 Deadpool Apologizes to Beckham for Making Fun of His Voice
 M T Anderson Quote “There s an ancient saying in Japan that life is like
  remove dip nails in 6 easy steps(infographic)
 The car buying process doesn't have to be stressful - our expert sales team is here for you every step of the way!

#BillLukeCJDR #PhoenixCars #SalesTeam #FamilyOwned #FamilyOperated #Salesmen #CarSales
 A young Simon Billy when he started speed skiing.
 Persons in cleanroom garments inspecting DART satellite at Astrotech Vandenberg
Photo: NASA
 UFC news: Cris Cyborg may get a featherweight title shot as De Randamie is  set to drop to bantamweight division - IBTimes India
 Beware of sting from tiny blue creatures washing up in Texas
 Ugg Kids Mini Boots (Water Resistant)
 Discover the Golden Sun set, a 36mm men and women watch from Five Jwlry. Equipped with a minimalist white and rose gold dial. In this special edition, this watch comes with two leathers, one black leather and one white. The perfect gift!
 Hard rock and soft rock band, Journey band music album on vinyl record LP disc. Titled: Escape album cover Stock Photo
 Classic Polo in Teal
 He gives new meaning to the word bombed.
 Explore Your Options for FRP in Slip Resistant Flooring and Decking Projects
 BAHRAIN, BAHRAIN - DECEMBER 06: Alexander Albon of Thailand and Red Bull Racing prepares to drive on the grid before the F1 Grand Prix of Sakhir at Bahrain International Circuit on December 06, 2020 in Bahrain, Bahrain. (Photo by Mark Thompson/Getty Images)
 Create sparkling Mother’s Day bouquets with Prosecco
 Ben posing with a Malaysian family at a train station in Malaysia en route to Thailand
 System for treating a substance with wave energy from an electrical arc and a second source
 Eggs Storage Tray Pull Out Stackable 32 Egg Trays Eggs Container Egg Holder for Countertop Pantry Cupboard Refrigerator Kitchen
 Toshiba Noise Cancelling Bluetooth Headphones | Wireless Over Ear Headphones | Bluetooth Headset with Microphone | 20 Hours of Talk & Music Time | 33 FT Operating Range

WHAT IS EXPECTED
Copy the data above in full, character for character.

THE ANSWER
 Deadpool Apologizes to Beckham for Making Fun of His Voice
 M T Anderson Quote “There s an ancient saying in Japan that life is like
  remove dip nails in 6 easy steps(infographic)
 The car buying process doesn't have to be stressful - our expert sales team is here for you every step of the way!

#BillLukeCJDR #PhoenixCars #SalesTeam #FamilyOwned #FamilyOperated #Salesmen #CarSales
 A young Simon Billy when he started speed skiing.
 Persons in cleanroom garments inspecting DART satellite at Astrotech Vandenberg
Photo: NASA
 UFC news: Cris Cyborg may get a featherweight title shot as De Randamie is  set to drop to bantamweight division - IBTimes India
 Beware of sting from tiny blue creatures washing up in Texas
 Ugg Kids Mini Boots (Water Resistant)
 Discover the Golden Sun set, a 36mm men and women watch from Five Jwlry. Equipped with a minimalist white and rose gold dial. In this special edition, this watch comes with two leathers, one black leather and one white. The perfect gift!
 Hard rock and soft rock band, Journey band music album on vinyl record LP disc. Titled: Escape album cover Stock Photo
 Classic Polo in Teal
 He gives new meaning to the word bombed.
 Explore Your Options for FRP in Slip Resistant Flooring and Decking Projects
 BAHRAIN, BAHRAIN - DECEMBER 06: Alexander Albon of Thailand and Red Bull Racing prepares to drive on the grid before the F1 Grand Prix of Sakhir at Bahrain International Circuit on December 06, 2020 in Bahrain, Bahrain. (Photo by Mark Thompson/Getty Images)
 Create sparkling Mother’s Day bouquets with Prosecco
 Ben posing with a Malaysian family at a train station in Malaysia en route to Thailand
 System for treating a substance with wave energy from an electrical arc and a second source
 Eggs Storage Tray Pull Out Stackable 32 Egg Trays Eggs Container Egg Holder for Countertop Pantry Cupboard Refrigerator Kitchen
 Toshiba Noise Cancelling Bluetooth Headphones | Wireless Over Ear Headphones | Bluetooth Headset with Microphone | 20 Hours of Talk & Music Time | 33 FT Operating Range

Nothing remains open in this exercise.